15. Vennootschapsbelasting (VPB)

Inleiding
Met ingang van 1 januari 2016 is een gemeente Vennootschapsbelastingplichtig indien en voor zover zij een onderneming drijft. Vennootschapsbelasting (Vpb) is een belasting die wordt geheven over de fiscale winst welke door een onderneming is behaald. Daar waar binnen de gemeente sprake is van het drijven van een onderneming, ontstaat Vpb-plicht. Daar is sprake van bij economische activiteiten waarbij de gemeente in concurrentie treedt (of kan treden) met de markt én daarmee winst behaalt.
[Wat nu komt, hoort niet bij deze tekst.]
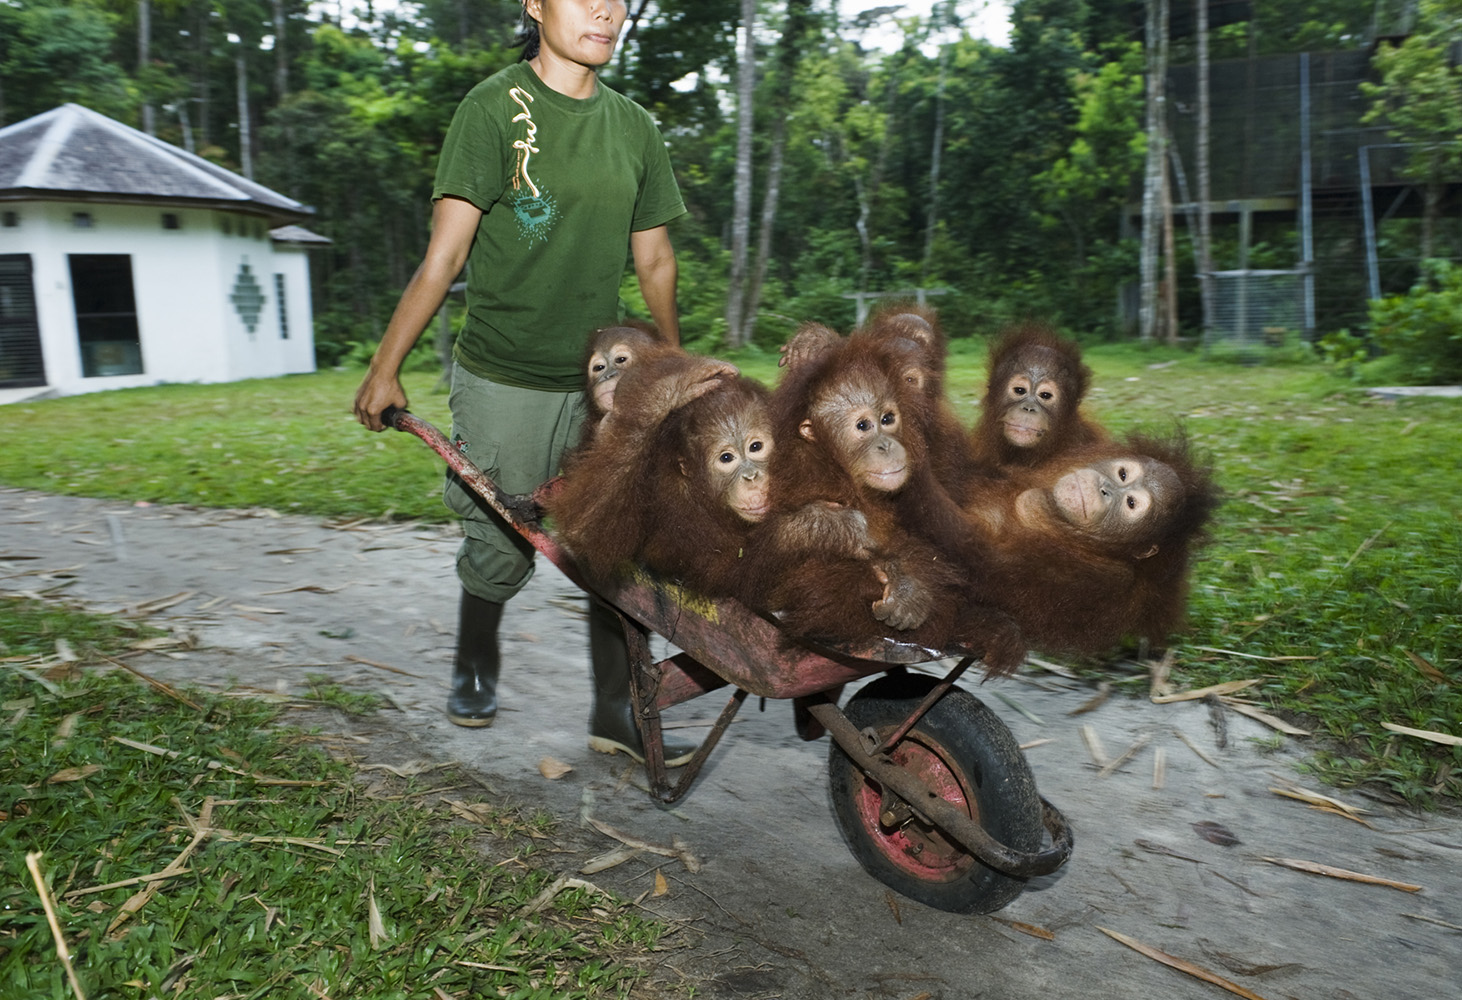 Дальней родственник человека. Сепилок реабилитационный центр орангутанов. Фото . Центр реабилитации орангутанов Сепилок. Орангутанг управляет машиной для гольфа. Пацаны на трудах делают табуретки орангутанг.

Verplichting: volledige en juiste aangiften Vpb
Het indienen van de Vpb-aangifte en indienen van bezwaar en beroepschriften is een taak van het SSC. Net als voor de overige belastingen zijn de (overige) taken samenhangend met de Vpb-plicht overgenomen door de lijnorganisatie en onderdeel geworden van reguliere processen. Inmiddels zijn hiertoe onder andere dossiers opgesteld, de relevante systemen ingericht en zijn processen beschreven. Hiermee borgen we dat nieuwe activiteiten worden getoetst op mogelijke Vpb-effecten.

Borging wordt bestendigd door een actieve en complementaire samenwerking tussen SSC en directies. Vanuit het SSC wordt geïnitieerd en gestuurd op het verzamelen van de gegevens vanuit de directies, de beoordeling van de kwaliteit van de gegevens, en de verwerking daarvan in de Vpb-aangifte. Hierdoor kan een volledige en juiste aangifte worden ingediend én blijft de Vpb-plicht bij zowel het SSC als de overige directies in beeld.

Aangiften tot en met 2020 ingediend. Eerste aanslagen zijn opgelegd
De gemeente Groningen heeft tot en met 2020 nihil aangiften ingediend. De belastingdienst heeft aanslagen 2016 en 2017 opgelegd die afwijken van de ingediende aangiften. Tegen deze aanslagen zijn pro forma bezwaarschriften ingediend en verwachten we een noodzakelijk te voeren gerechtelijke procedure.

Reclame-opbrengsten
De belastingdienst neemt het standpunt in dat de opbrengsten van ‘het gelegenheid geven tot reclame-uitingen’ (abris, reclamezuilen etc.) een economische activiteit is die is belast met vennootschapsbelasting. Net als vele gemeenten delen wij het standpunt van de belastingdienst niet. Er worden gerechtelijke procedures gevoerd die, ondersteund door de VNG, zoveel als mogelijk gezamenlijk worden beargumenteerd, gecoördineerd en gevoerd. Groningen haakt daar bij aan. Het bezwaar aanhouden totdat er een definitieve uitspraak is van andere gemeenten kan helaas niet, aangezien er bij de gemeente Groningen nog een ander verschil van inzicht speelt over de belastingplicht.

Het Parkeerbedrijf
Een economische activiteit waarbij de gemeente in concurrentie treedt (of kan treden) met de markt is het Parkeerbedrijf. De wijze waarop de gemeente Groningen deze activiteiten in de aangifte opneemt leidt in de jaren 2016-2018 niet tot acute Vpb-plicht. Een cruciaal element daarbij is dat de activiteit straatparkeren op basis van een toezegging van de Staatssecretaris van Financiën onder de overheidstakenvrijstelling valt én de consolidering van alle gemeentelijke parkeeractiviteiten. De belastingdienst is van mening dat de parkeeractiviteiten niet mogen worden geconsolideerd. Dit leidt ertoe dat de negatieve resultaten van de parkeergarages niet kunnen worden gezien als fiscaal verlies dat vervolgens niet kan worden gesaldeerd met de positieve resultaten van de reclame-opbrengsten.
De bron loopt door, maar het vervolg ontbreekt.